The LDX and LDY operations perform much like the LDA operation does, except it loads data into the X or Y registers instead of the Accumulator. We will initialize both the X and Y registers with the value #$00, then begin our loop. You will notice something different about this label, in that it starts with a period. This is used to denote a local method and will not be accessible from outside of its parent label.

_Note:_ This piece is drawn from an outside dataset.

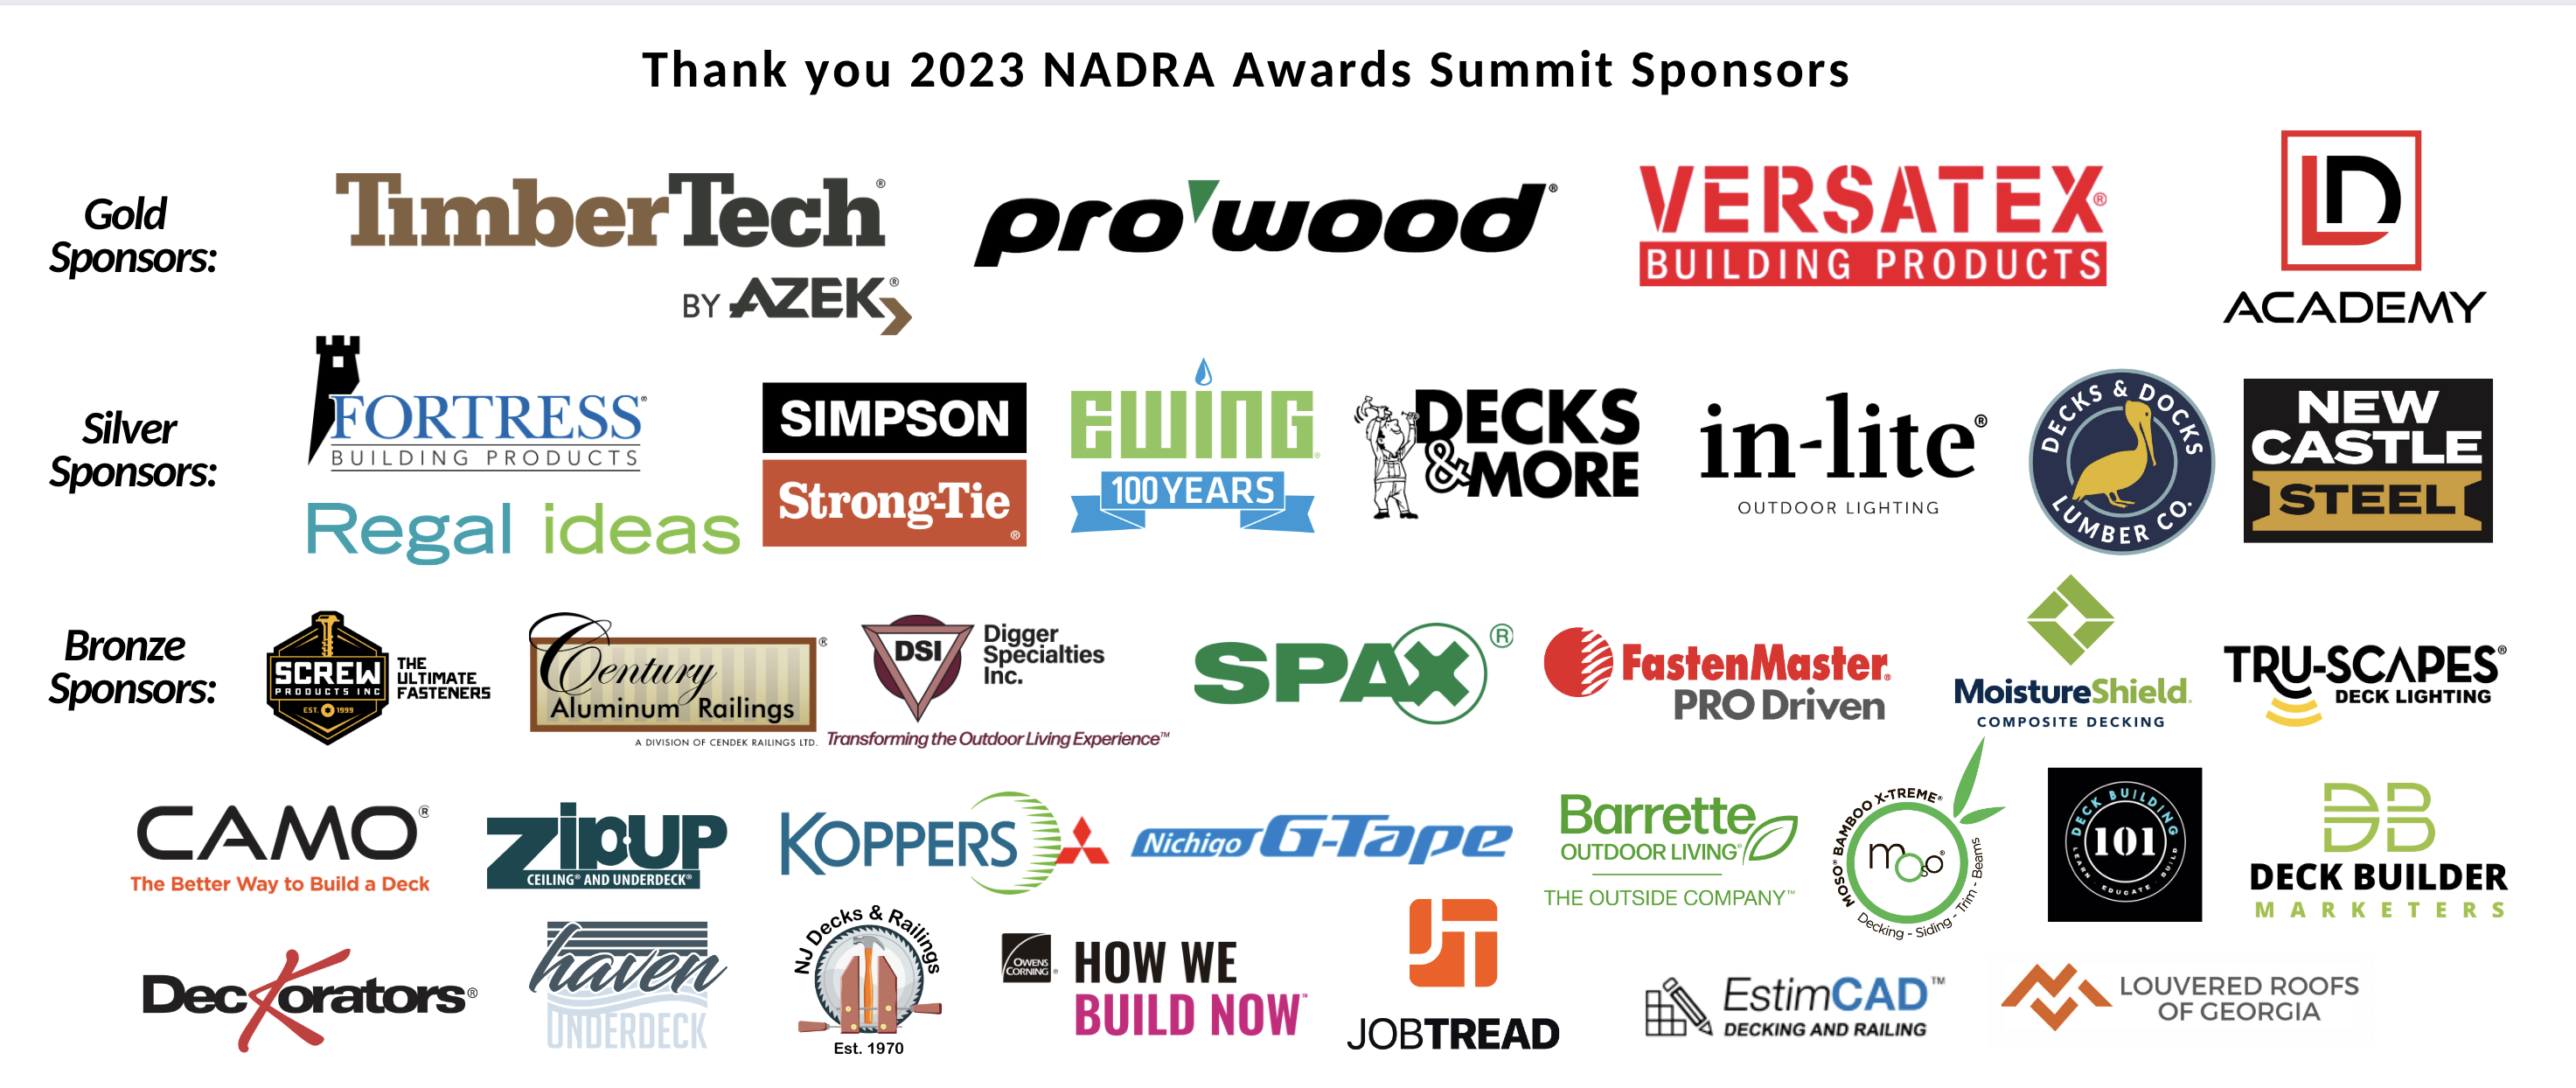 NADRA Awards Summit Sponsors 2023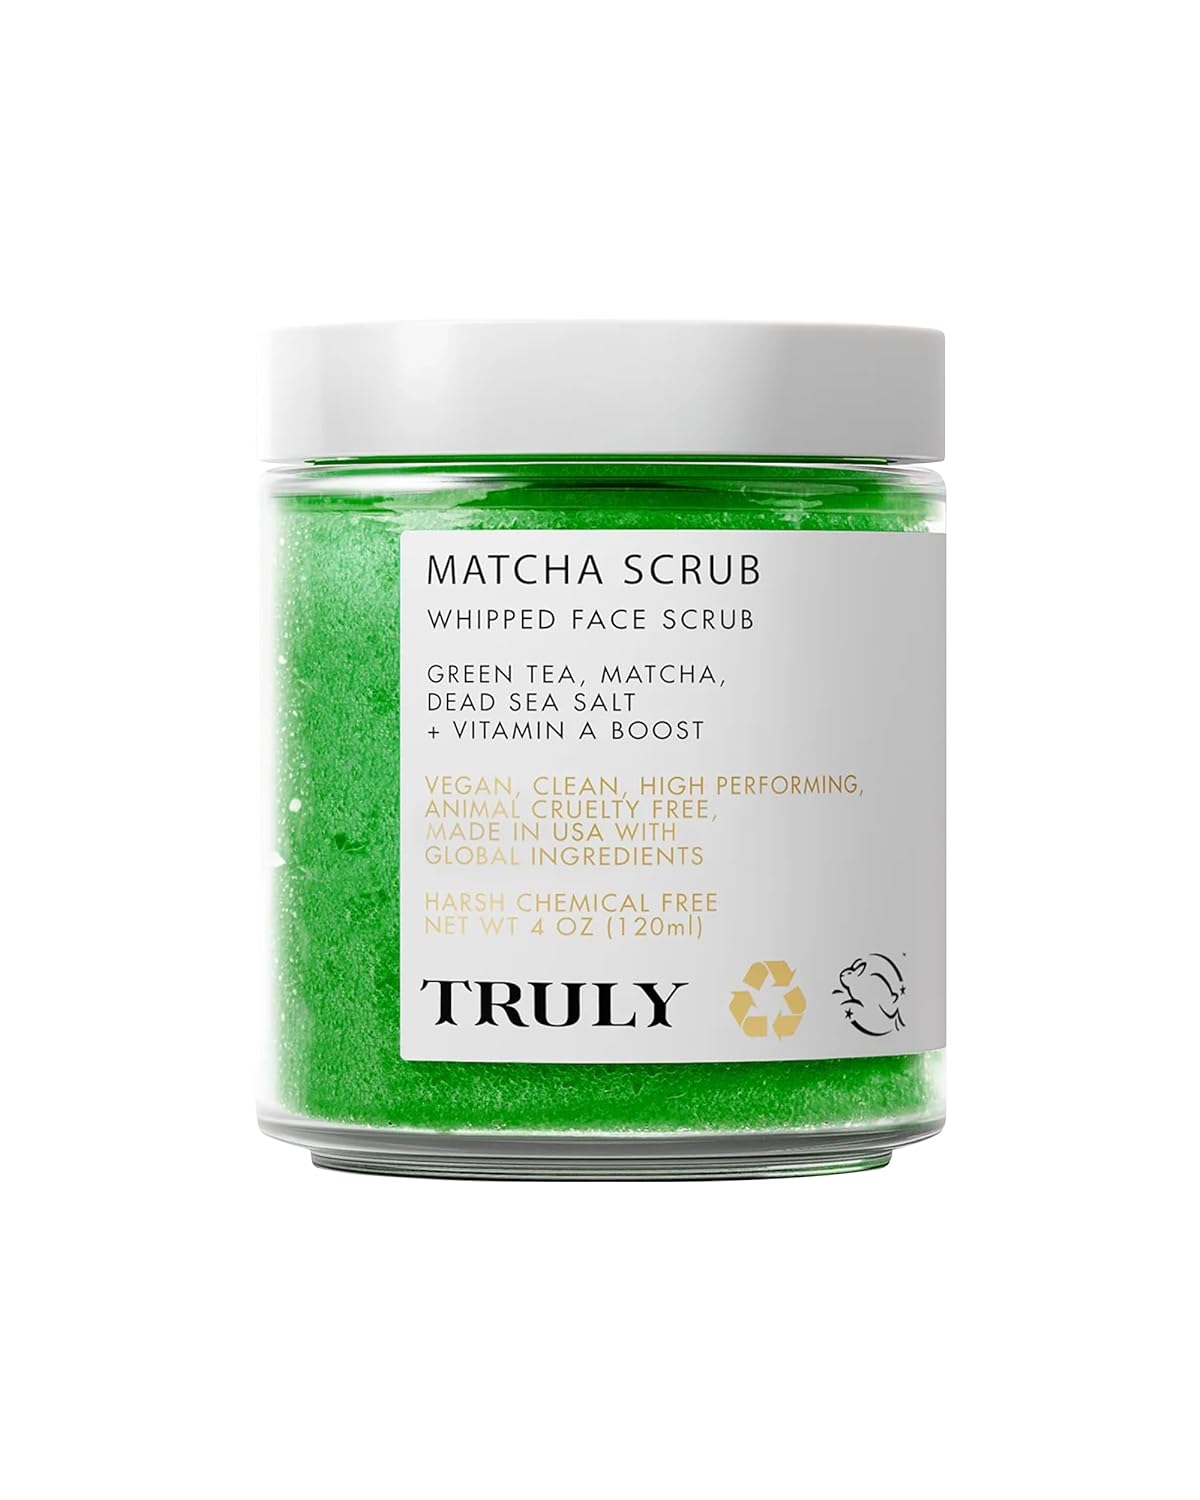 Truly Beauty Matcha Scrub Review

After this, we load the low byte of our background data and store it in address $2007. Writing a byte to $2007 communicates one graphical tile to the PPU, so we will need to repeatedly send data to this address until we’re done. After we write that byte, we use the INY (Increment Y) operation to increment the value in the Y register. We then check the contents of the Y register and compare it to the value #$00 by using the CPY operation. Then we use the BNE (Branch if Not Equal) operation to loop if the value is not zero. The initial LDA operation we do has an added benefit: it uses the Y register to offset the memory access. Each time it will load the next byte in the sequence.

Notice the rest of the method contains a secondary loop. We do this because we have too much data to send with a single register (960 bytes). Since we can only store one byte in a register at a time, we can only go up to 256 until we start to overflow. Once we overflow and hit #$00 again, we are using the X register to only allow this to happen 4 times before bailing out, which is enough to get the 960 bytes of data we need.

At the very end of this method, we add this operation:

  RTS

The RTS (Return from Subroutine) operation will mark the end of a method and return to where it was originally called.

Enabling Graphics

After all that, we’re still not done? When I said earlier that we were getting close, I lied. But now we’re actually close. It’s possible that you no longer trust me. Well, all we have to do is enable graphics and we’re home free, so let’s add this code to the end of our RESET method:

  LDA #%10000000   ; Enable NMI, sprites and background on table 0
  STA $2000
  LDA #%00011110   ; Enable sprites, enable backgrounds
  STA $2001
  LDA #$00         ; No background scrolling
  STA $2006
  STA $2006
  STA $2005
  STA $2005

Something new we notice is that we’re using binary instead of hex, and the % sign on the value tells us this. Binary is easier for these particular values because each bit represents a flag to enable or disable something on the PPU. We can do additional things with those bits, but we are enabling the NMI (our game loop interrupt), setting our background to table 0 (which will use that address $2000 we sent the PPU earlier), enabling sprites and backgrounds, then disabling background scrolling because we don’t care about that yet.

Sweet. Build this code with nesasm nes-tutorial.asm and load the .nes file into an emulator:

Well that’s pretty much an eyesore with out of control colors, but it’s an awesome achievement that we have graphics on the screen! It’s the first major step to something great. Plus, we got a lot of the hard stuff out of the way.

In the next tutorial we will discuss color palettes and turning this screen into something a little more respectable.